## How to complete this task
The copy should hold exactly the lines below from the one that contains "Nike Dri-FIT Flex" through the one that contains "Vintage bohemian wedding" and nothing else, so no pictures.

## Available data
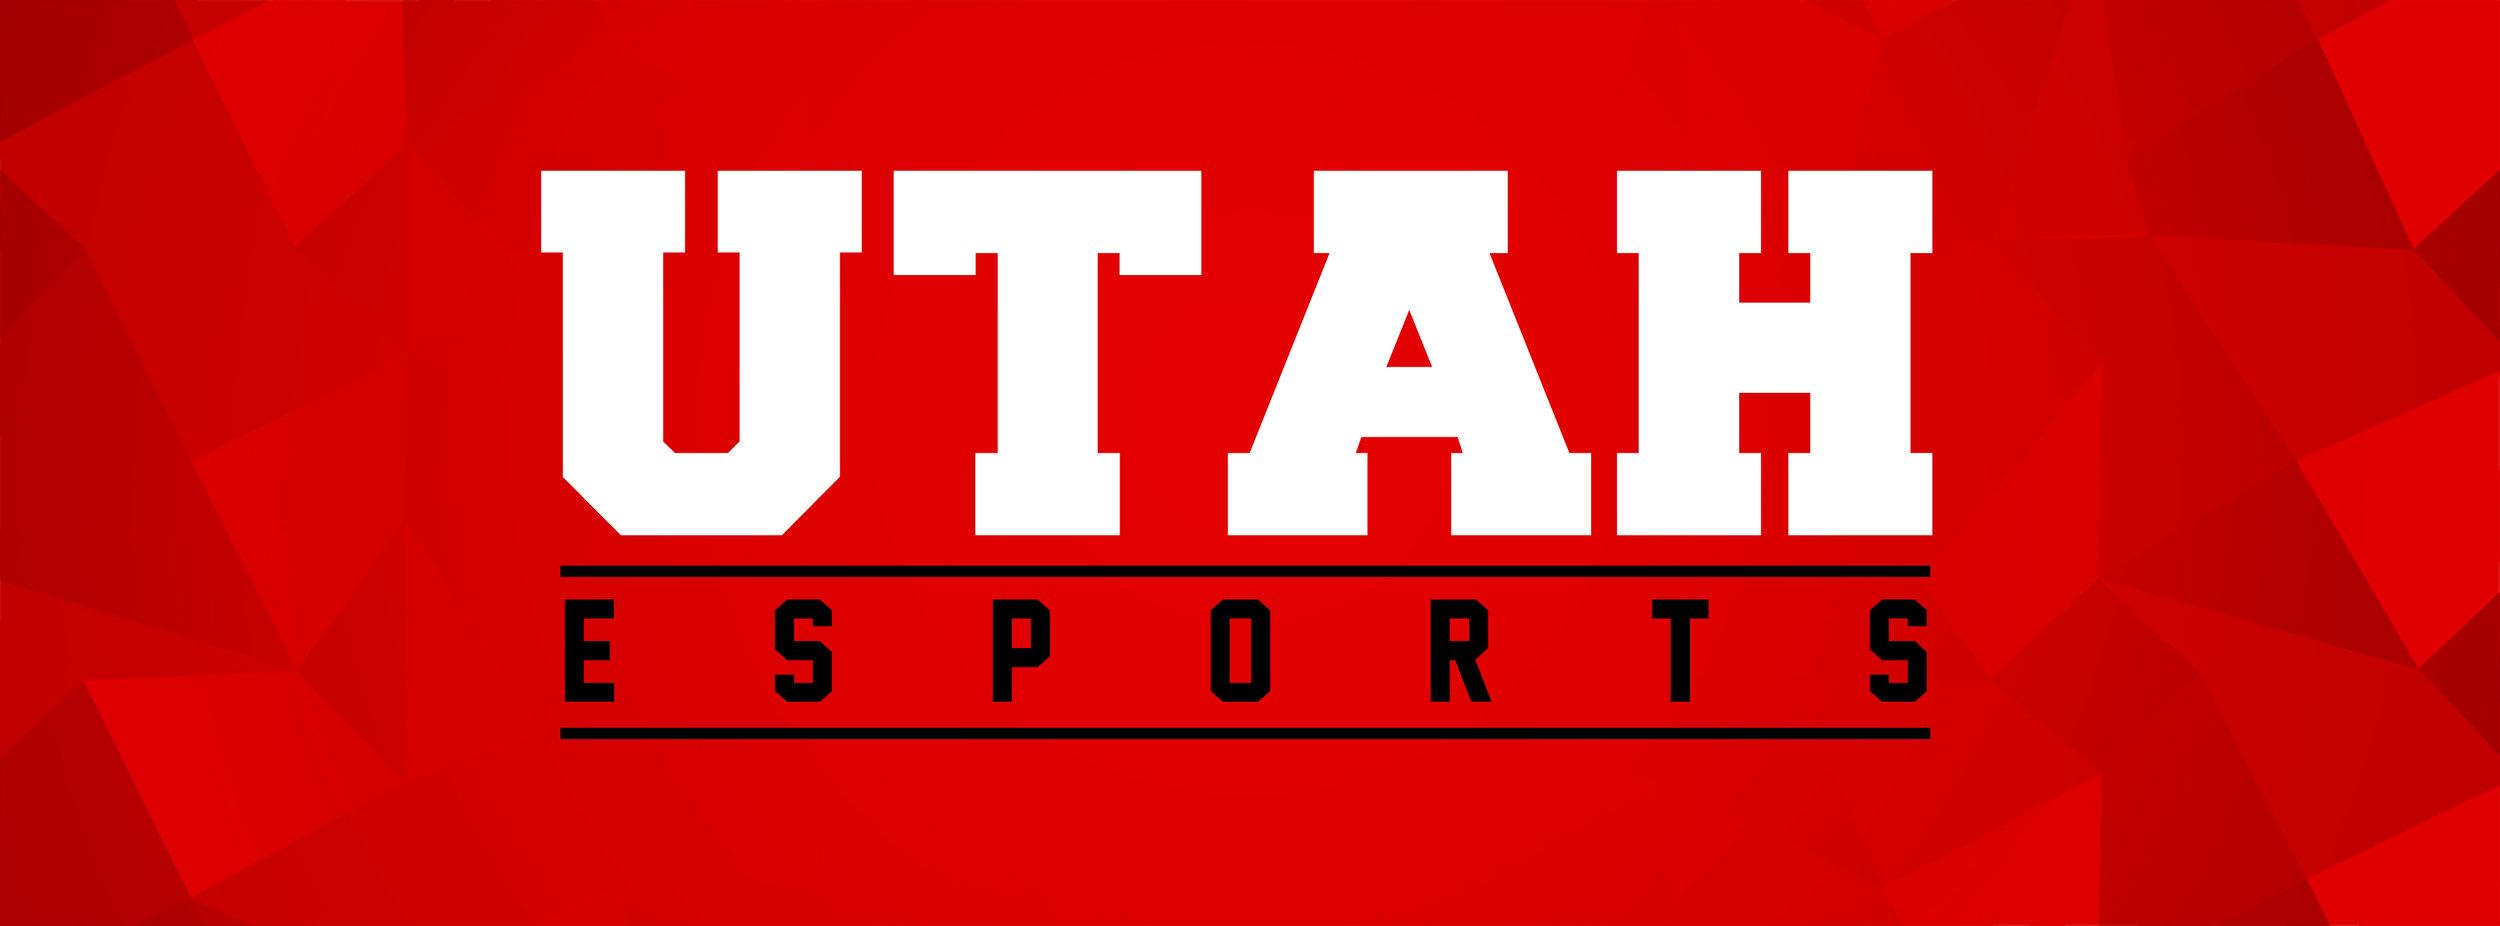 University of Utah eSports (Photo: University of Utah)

==

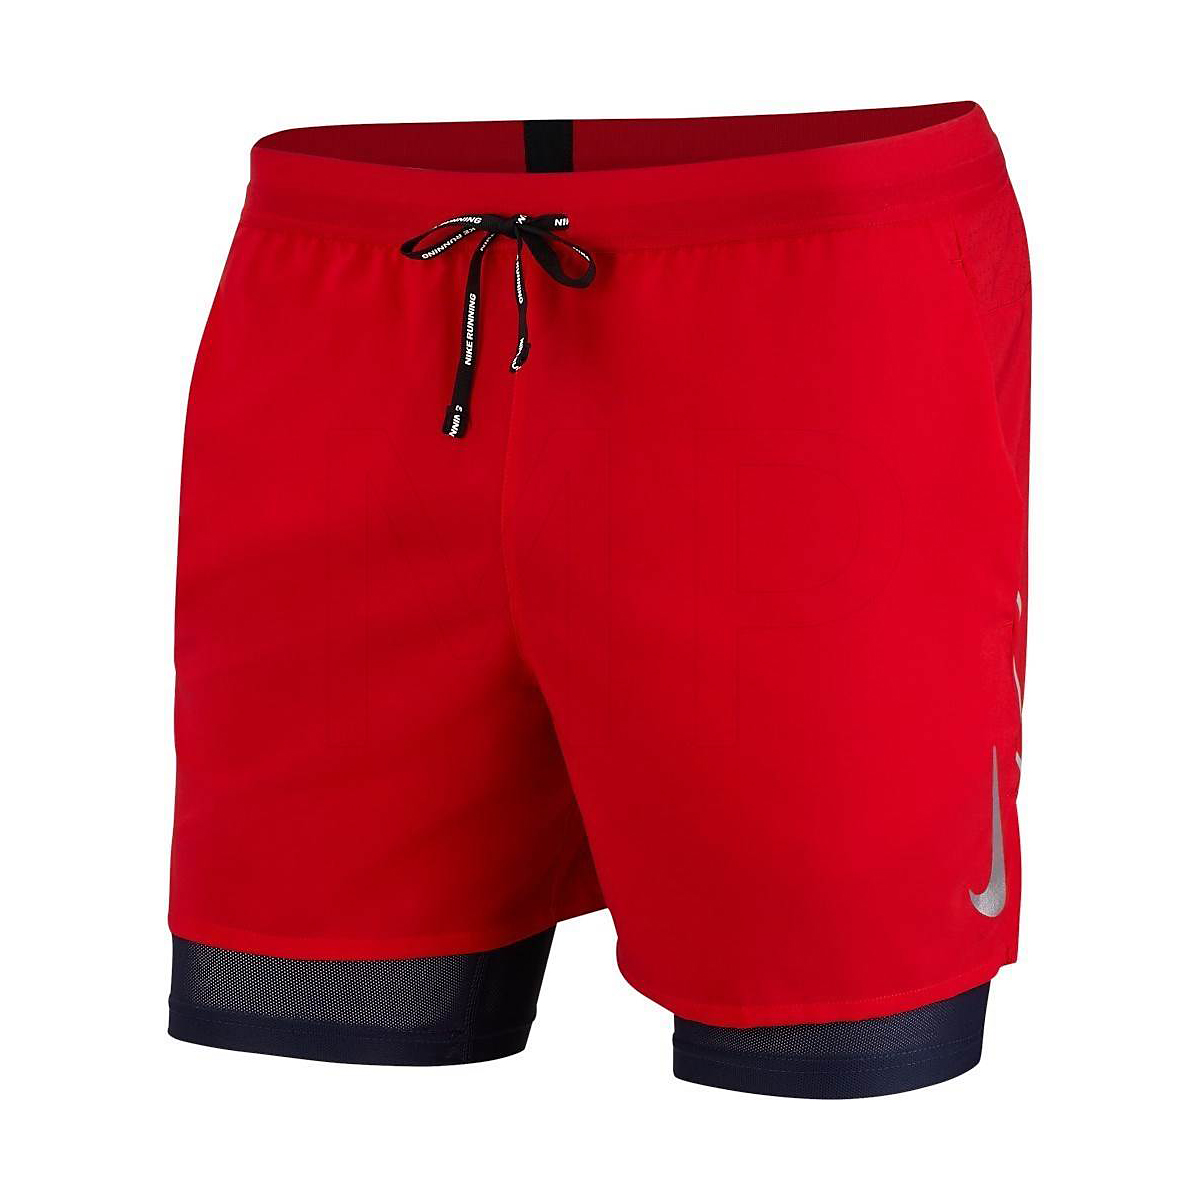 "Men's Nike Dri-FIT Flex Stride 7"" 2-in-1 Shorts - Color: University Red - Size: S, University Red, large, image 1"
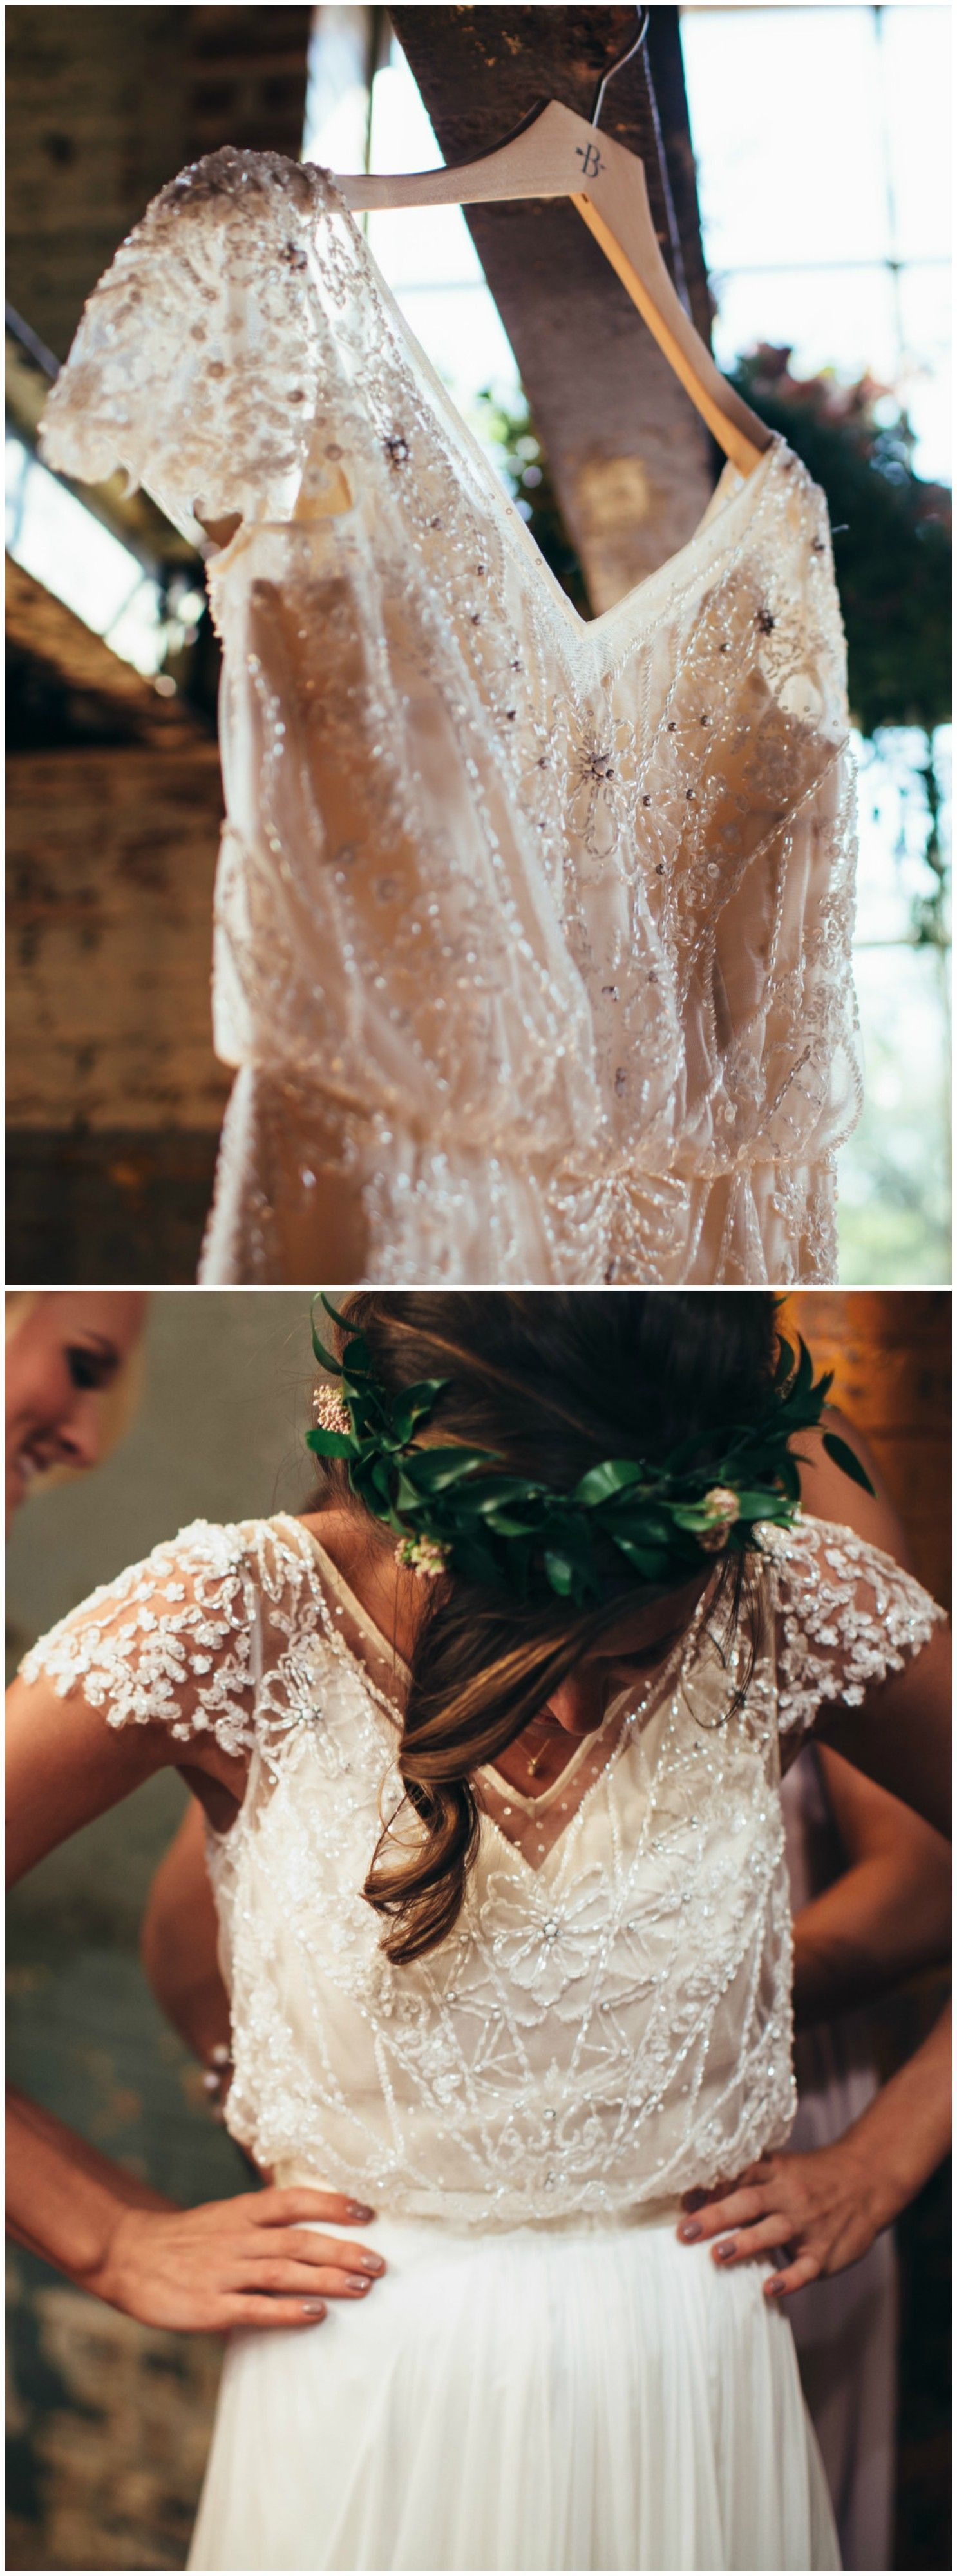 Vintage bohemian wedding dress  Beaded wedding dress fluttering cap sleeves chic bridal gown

--

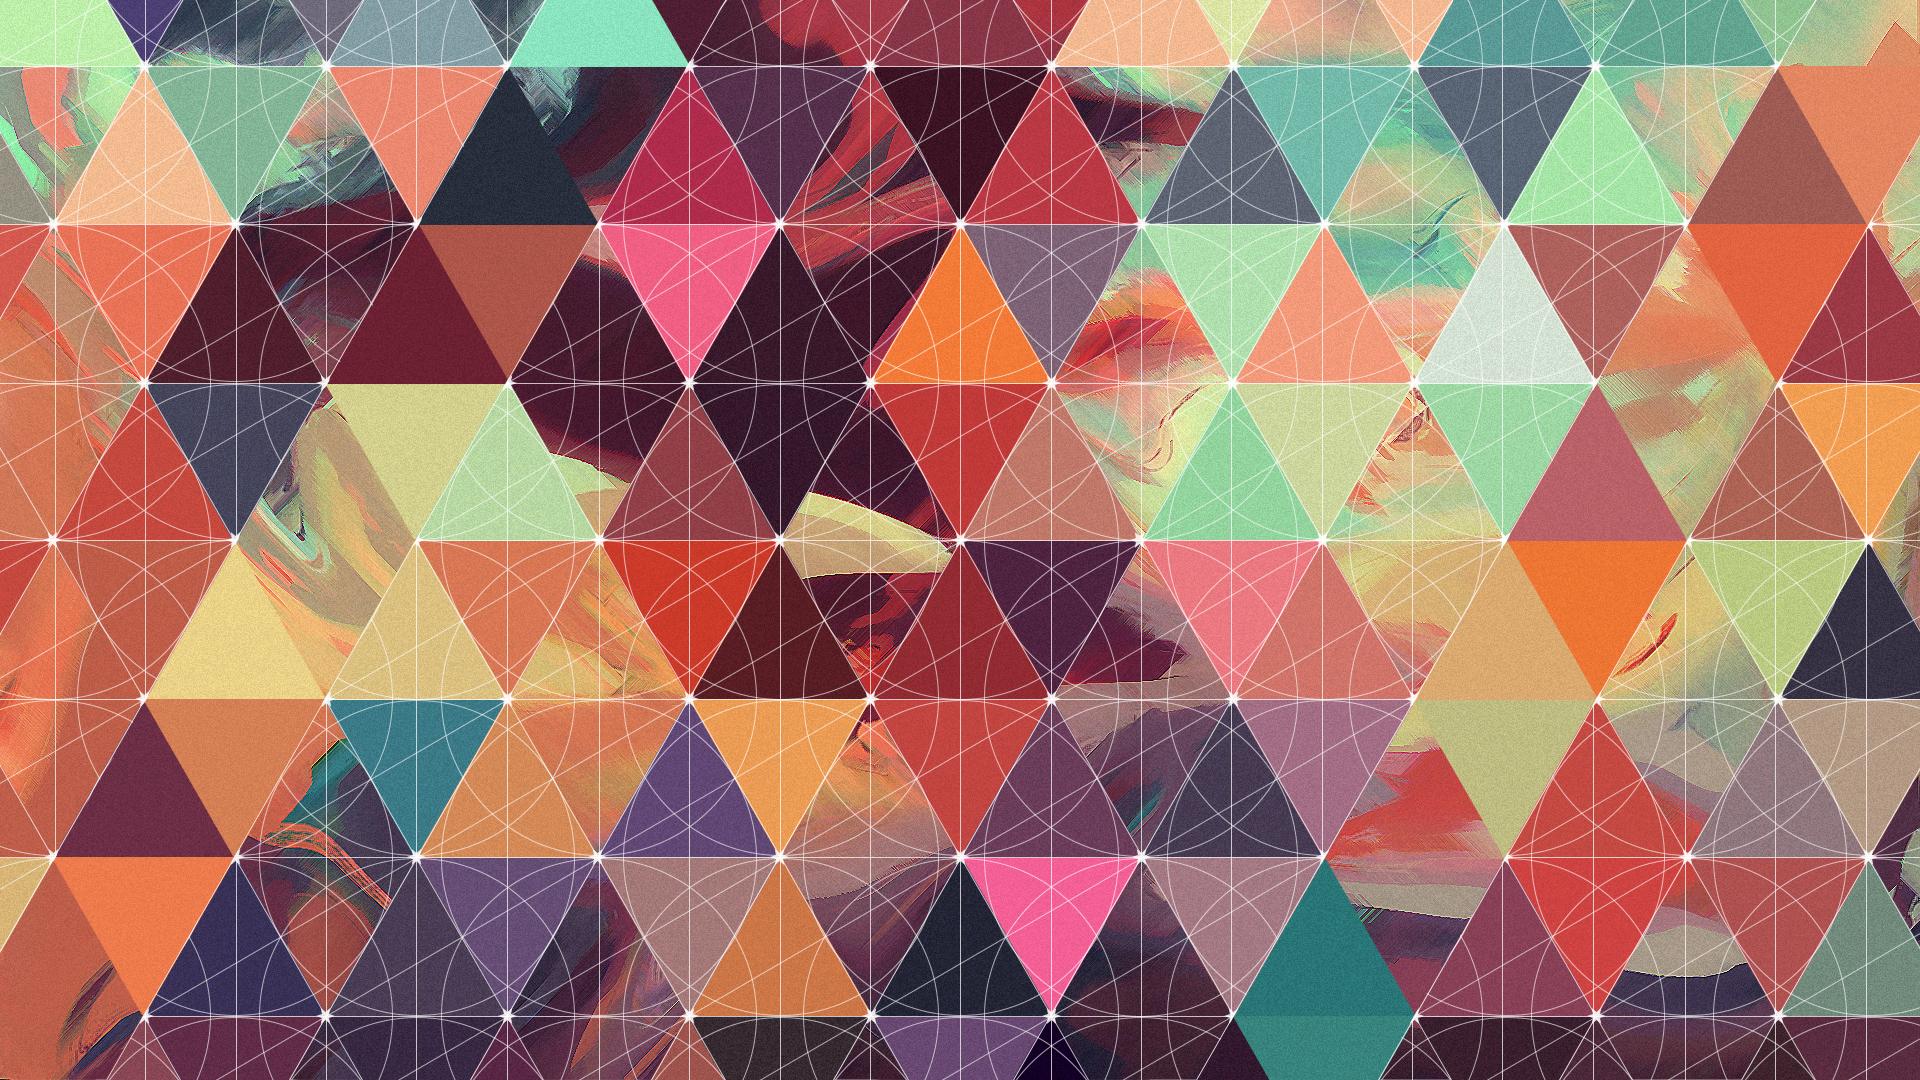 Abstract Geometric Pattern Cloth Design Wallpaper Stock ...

## Answer area
 "Men's Nike Dri-FIT Flex Stride 7"" 2-in-1 Shorts - Color: University Red - Size: S, University Red, large, image 1"
 Vintage bohemian wedding dress  Beaded wedding dress fluttering cap sleeves chic bridal gown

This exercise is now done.